Skip to content

Rust codes 🧑🏻‍💻

Futures ❌

deependujha/rust-codes

Futures Notes

1. Introduction to Futures

The futures crate provides abstractions for asynchronous programming in Rust. It extends the standard library's Future trait with additional combinators, utilities, and runtime-independent async features.

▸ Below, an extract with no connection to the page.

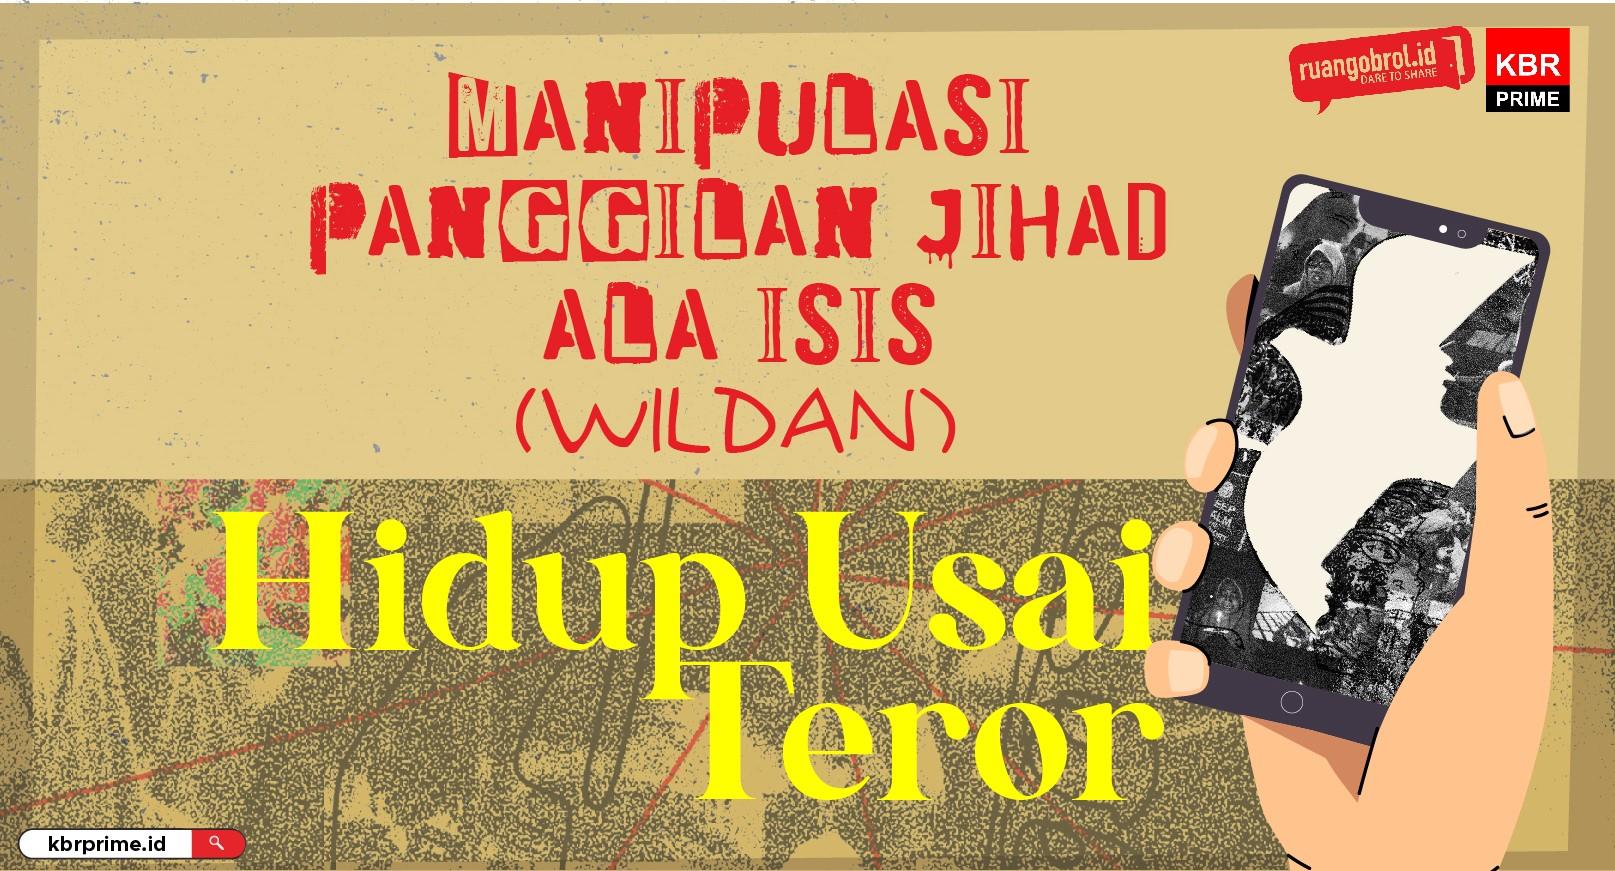 HIDUP USAI TEROR Season 2 : Manipulasi Panggilan Jihad a la ISIS (Part 1)

2. Adding Futures to Cargo.toml

[dependencies]
futures = "0.3"

Then, run cargo build.

3. Basic Future Example

use futures::executor::block_on;

async fn hello() {
    println!("Hello, Future!");
}

fn main() {
    block_on(hello());
}

4. Using `Future::poll`

use futures::future::Future;
use std::pin::Pin;
use std::task::{Context, Poll};

struct MyFuture;

impl Future for MyFuture {
    type Output = i32;

    fn poll(self: Pin<&mut Self>, _cx: &mut Context<'_>) -> Poll<Self::Output> {
        Poll::Ready(42)
    }
}

fn main() {
    let mut future = MyFuture;
    let waker = futures::task::noop_waker();
    let mut context = Context::from_waker(&waker);

    match Pin::new(&mut future).poll(&mut context) {
        Poll::Ready(value) => println!("Future ready with value: {}", value),
        Poll::Pending => println!("Future pending"),
    }
}

5. Combining Futures with `join!`

use futures::join;

async fn async_task1() -> i32 {
    1
}
async fn async_task2() -> i32 {
    2
}

#[tokio::main]
async fn main() {
    let (a, b) = join!(async_task1(), async_task2());
    println!("Results: {}, {}", a, b);
}

6. Chaining with `then` and `map`

use futures::future::ready;
use futures::FutureExt;

#[tokio::main]
async fn main() {
    let fut = ready(10).map(|x| x * 2);
    println!("Result: {}", fut.await);
}

7. Using `select!` for Race Conditions

use futures::future::{ready, pending};
use futures::select;

#[tokio::main]
async fn main() {
    let a = ready("Task A done");
    let b = pending::<&str>();

    select! {
        result = a => println!("First completed: {}", result),
        result = b => println!("Second completed: {}", result),
    }
}

8. Streams with `futures::stream`

use futures::stream::{self, StreamExt};

#[tokio::main]
async fn main() {
    let mut stream = stream::iter(vec![1, 2, 3]);

    while let Some(value) = stream.next().await {
        println!("Received: {}", value);
    }
}

9. Buffered Concurrency with `buffer_unordered`

use futures::stream::{self, StreamExt};
use futures::future;

#[tokio::main]
async fn main() {
    let tasks = stream::iter(vec![1, 2, 3])
        .map(|num| async move {
            println!("Processing {}", num);
            num * 2
        })
        .buffer_unordered(2);

    tasks.for_each(|result| async move {
        println!("Completed: {}", result);
    }).await;
}

10. Using `futures::channel::mpsc`

use futures::channel::mpsc;
use futures::sink::SinkExt;
use futures::stream::StreamExt;

#[tokio::main]
async fn main() {
    let (mut tx, mut rx) = mpsc::channel(10);

    tokio::spawn(async move {
        tx.send("Message").await.unwrap();
    });

    while let Some(msg) = rx.next().await {
        println!("Received: {}", msg);
    }
}